Quote all of the data that follows exactly as written, skipping the images.

**RAW DATA**:
+---+

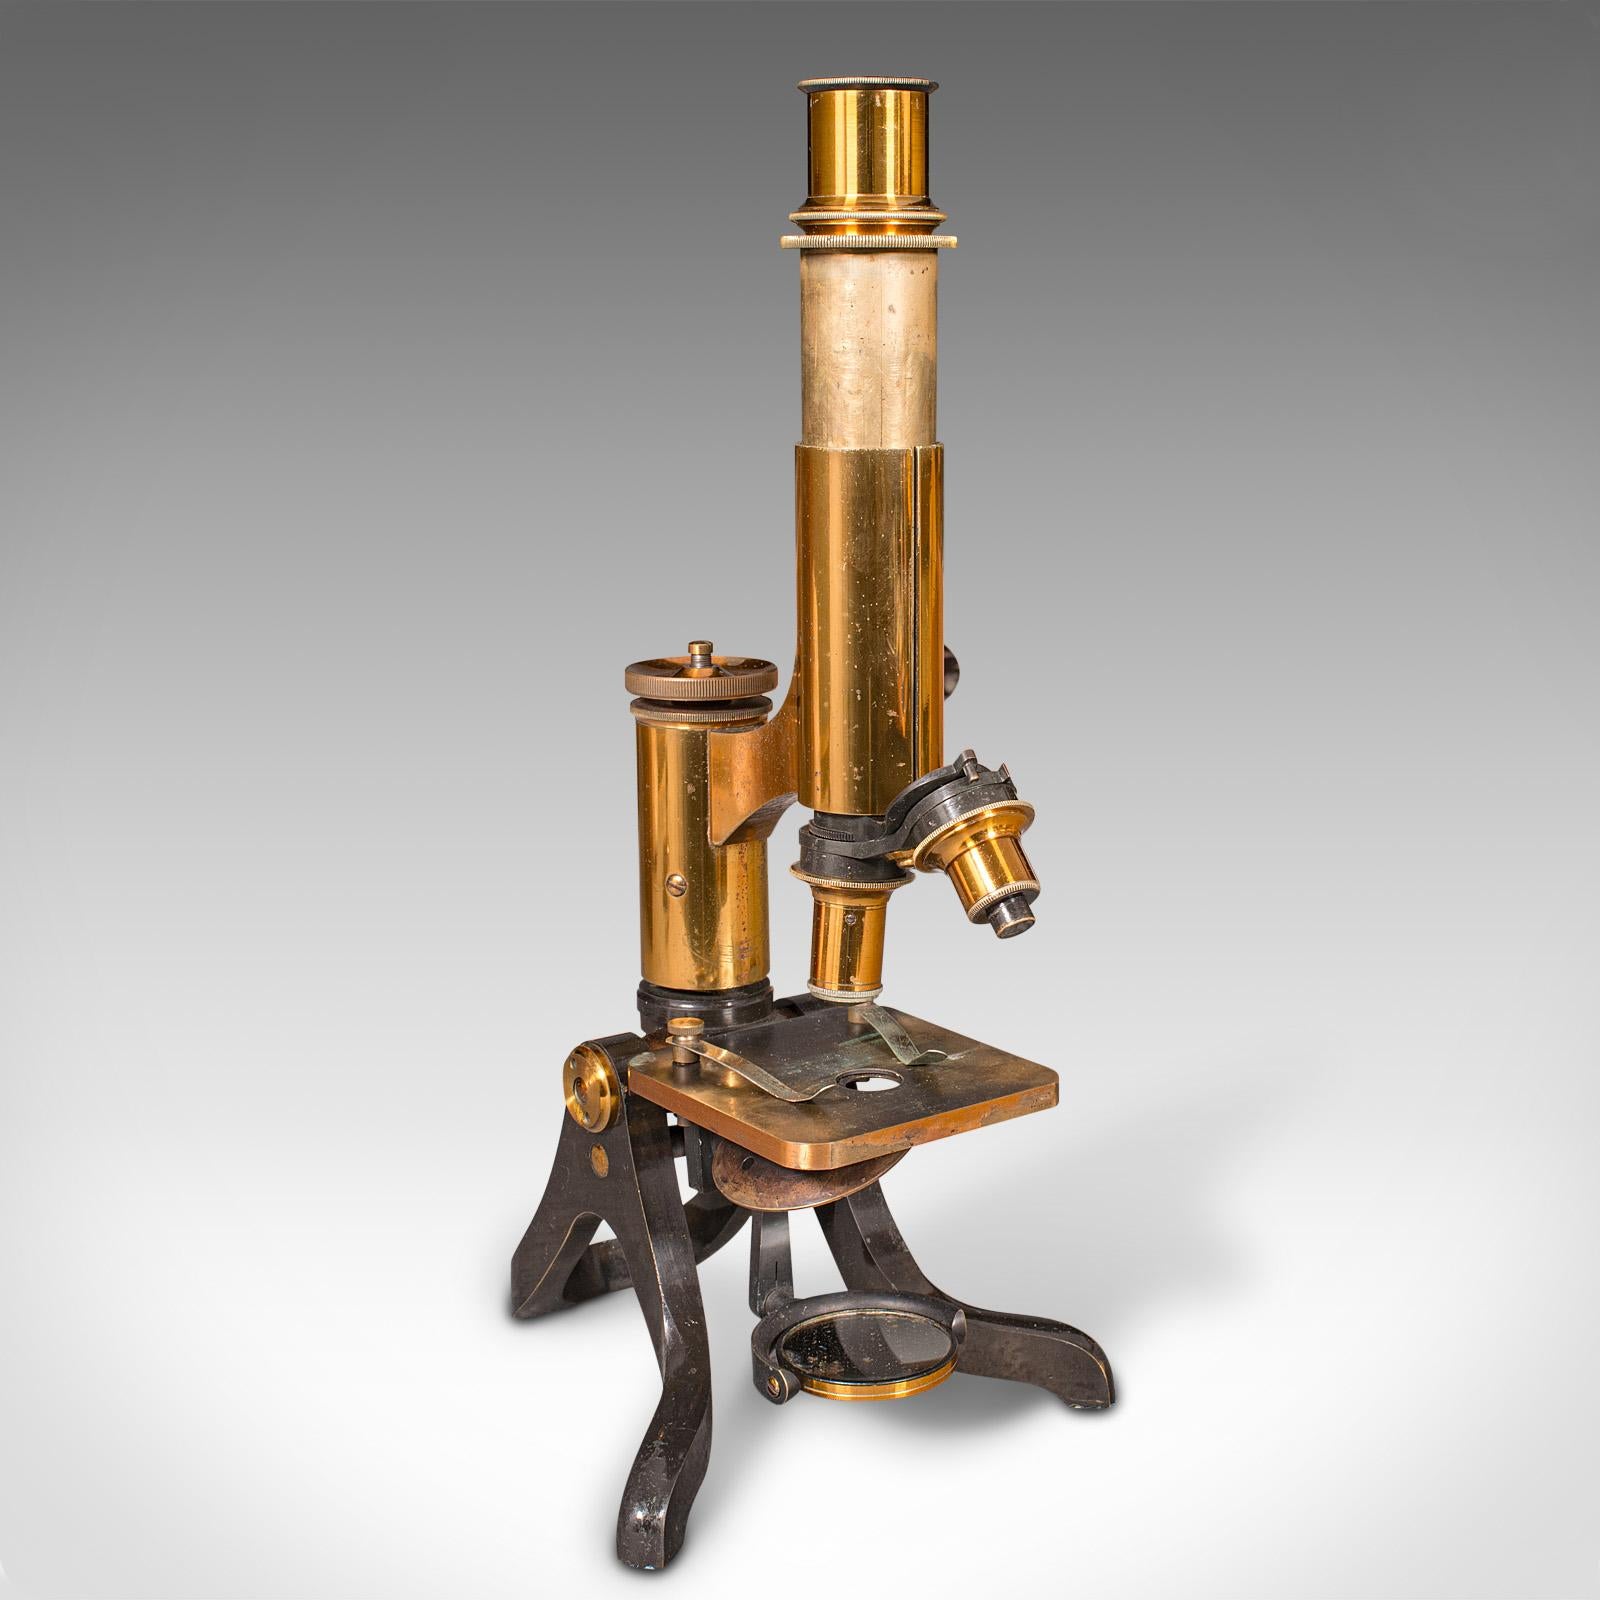 This is an antique scholar's microscope. An English, brass and enamelled metal scientific instrument by Henry Crouch, dating to the late Victorian period, circa 1900.

Appealing microscope with a quality finish and range of accessories
Displays a

+---+

**OUTPUT FOR THIS TASK**:
 This is an antique scholar's microscope. An English, brass and enamelled metal scientific instrument by Henry Crouch, dating to the late Victorian period, circa 1900.

Appealing microscope with a quality finish and range of accessories
Displays a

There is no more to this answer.